165 Arrêtés ministériels du 12 décembre 2001 portant fixation de prix maximaux pour la fourniture de gaz naturel et d'électricité (M.B. du 15 décembre 2001). Ces arrêtés ont encore été actualisés jusque fin 2004. En dépit de la libéralisation du marché (qui a dans l’intervalle été achevée), ils n’ont pas encore été formellement abrogés. À défaut de « clients non éligibles », ces textes sont donc dormants.

166 Insertion dans la loi du 8 janvier 2012 (M.B. du 11 janvier 2012) d’un nouvel article 15/10bis dans la loi sur le gaz et d’un nouvel article 20bis dans la loi relative à l'électricité.

497. Si la CREG constate qu'il n'existe pas de relation objectivement justifiée, elle adresse d'initiative au ministre de l’énergie un rapport reprenant ses constatations et les mesures qu'elle recommande. Elle doit en outre dénoncer les infractions présumées au Conseil de la concurrence.

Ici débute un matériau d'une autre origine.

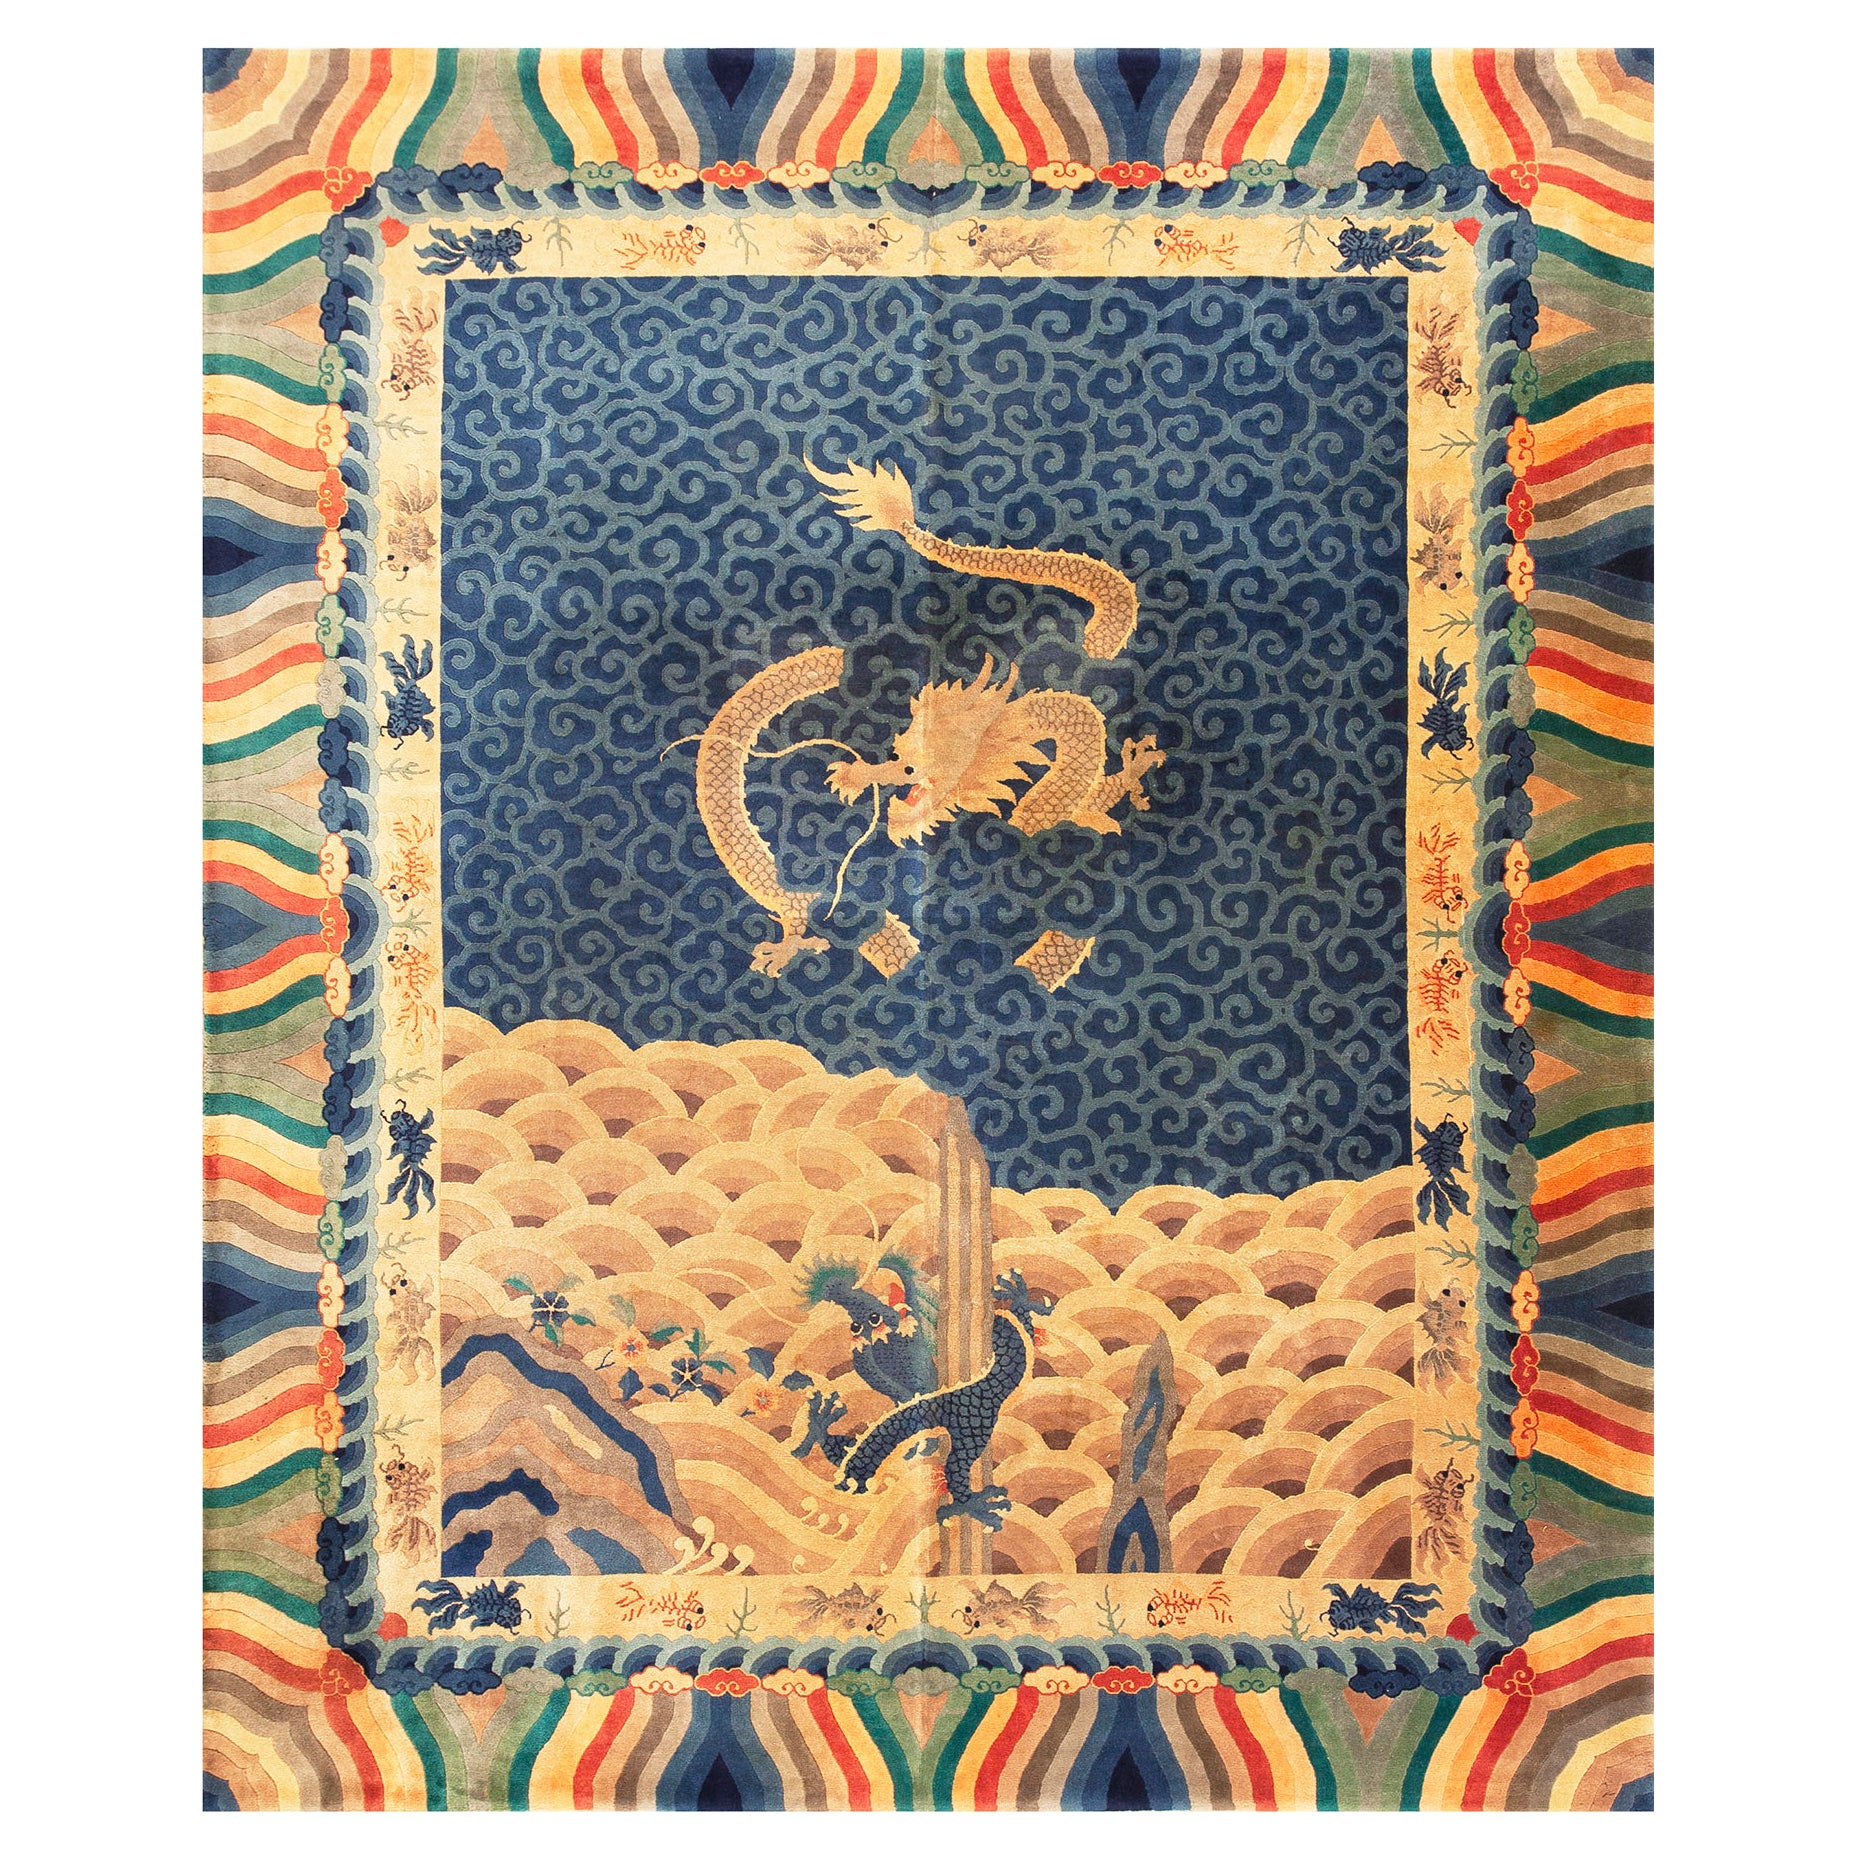 Chinesischer Art-Déco-Teppich von Nichols Workshop aus den 1920er Jahren (8' 6"" x 10' 6'' - 260 x 320)

498. Cette disposition, qui figure également à l’article 15/14ter de la loi sur le gaz, pose désormais des difficultés à la suite de l’instauration du filet de sécurité. Dans ces deux cas, la CREG doit en effet évaluer les prix des fournisseurs, de sorte qu’il est pratiquement inévitable que les deux procédures (filet de sécurité et art 23ter de la Loi relative à l'électricité et 15/14ter de la loi sur le gaz) s’entrecroiseront167. Dans la mesure où la CREG pourrait être encline à anticiper ses propres décisions, elle risque d’agir en méconnaissance des principes de bonne administration.

Conclusion

499. Il existe une multitude d’instruments dont les possibilités d'utilisation ne sont pas toujours claires et qui semblent, à tout le moins partiellement, se chevaucher et se contredire. Cette conclusion avait du reste déjà été tirée en 2008 au terme d'une table ronde organisée par le SPF Économie.168 Si de nouvelles mesures tarifaires étaient instaurées, il serait fortement recommandé de rationnaliser dans le même temps l’arsenal existant 169.